We can know that because we have experienced it. At least, some of us have experienced it; and people of faith across faith traditions have experienced it for as long as we have records of people’s spiritual experiences. The presence of God in our lives brings, and only the presence of God in our lives can bring, rewards beyond measure. God brings us the fruits of the Spirit. Nothing earthly can do that. God’s presence in our lives brings us hope, hope in this life and beyond this life. God’s presence in our lives brings peace, a peace that passes all human understanding, a peace that is so much more than the absence of violence, a peace deep in our hearts, deep in our souls. The presence of God in our lives gives us courage, courage to do what we must do in life, courage to face the end of our lives without fear of what may lie beyond. God the ultimate reality beyond life and death is a very present reality we can cling to, we can cry with, we can scream at when it all just seems too much. God is that ultimate reality in our lives that is always there. God is not fickle, like so many of us humans are. God does not respond with embarrassed silence or turn away when we share an uncomfortable truth the way so many humans do. God may judge our sin, but God never rejects us as unworthy or undesirable as so many humans do.
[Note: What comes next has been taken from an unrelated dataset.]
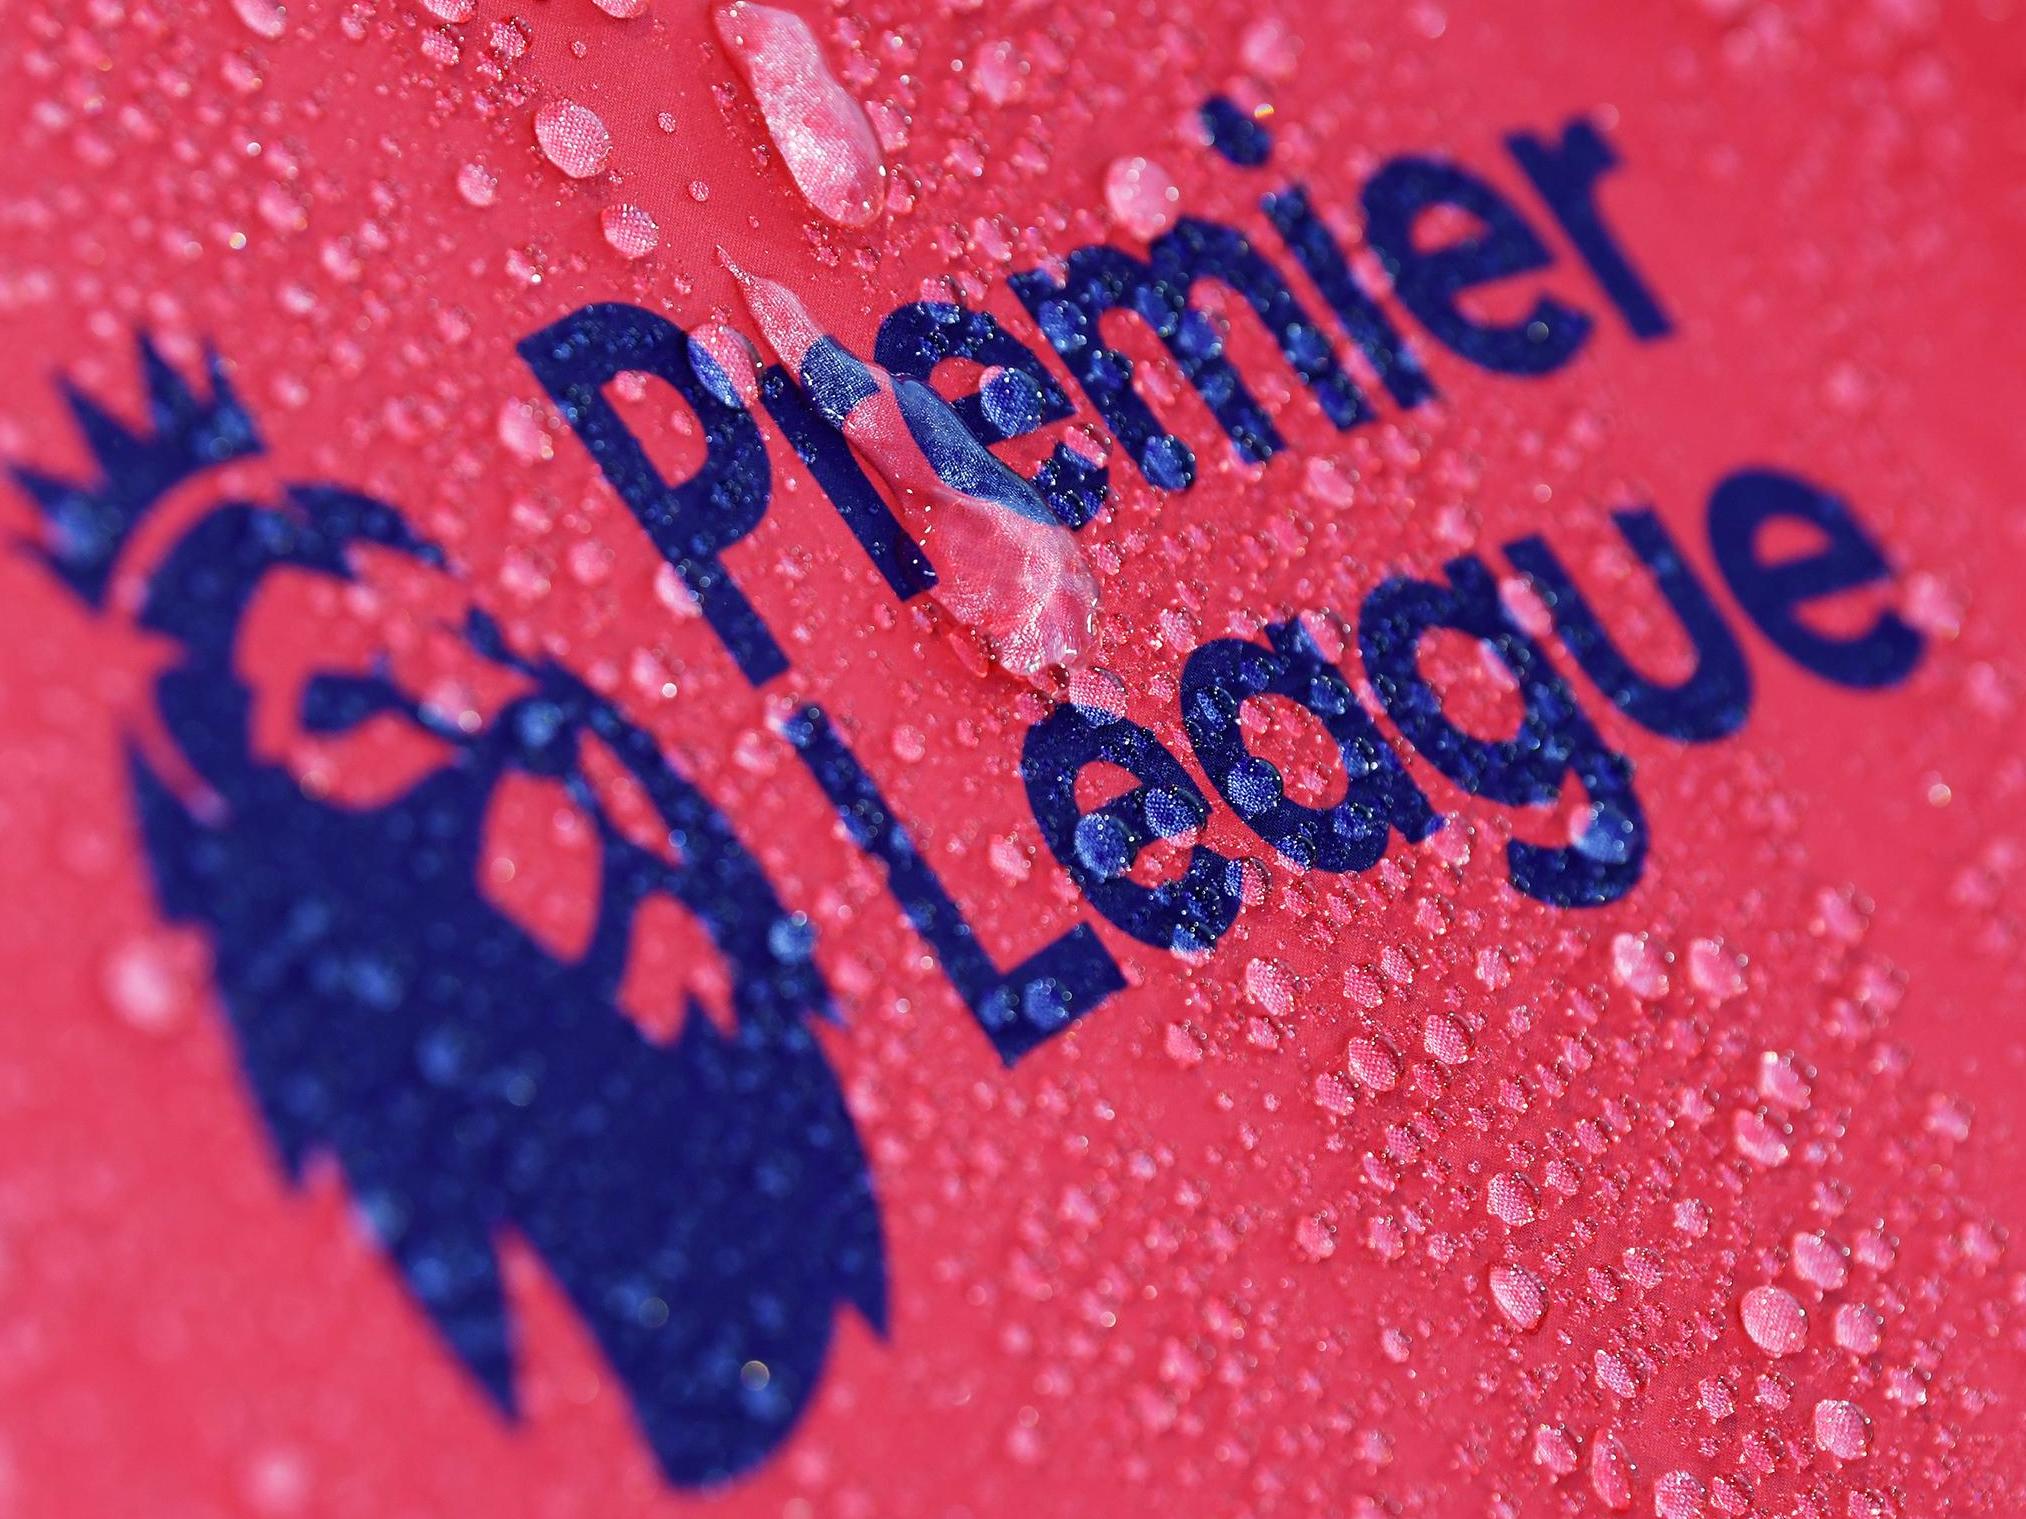 The Premier League contributes over £7bn to the UK economy

God is the reward for the virtuous life. Living a virtuous life doesn’t bring God to us. God is always with everyone, virtuous or not. Rather, living a virtuous life, living the life we know God wants us to live, opens us to God’s presence. That kind of living creates the possibility of our becoming aware of God’s presence. Living a virtuous life brings the reward of our awareness of the reality of God’s presence in our lives. That’s why Wisdom’s godless are wrong. Their cynicism, their brutality, their exclusive, narrow focus on themselves, shuts them off from the presence of God. It shuts them off from the greatest pleasures and the greatest satisfaction we humans can experience in this life, the pleasures and the satisfaction of God’s presence alive in our lives. Opening ourselves to God by living the way we know God wants us to live brings those pleasures and that satisfaction alive in our lives. That’s the reward of virtue, and there is none greater. Amen.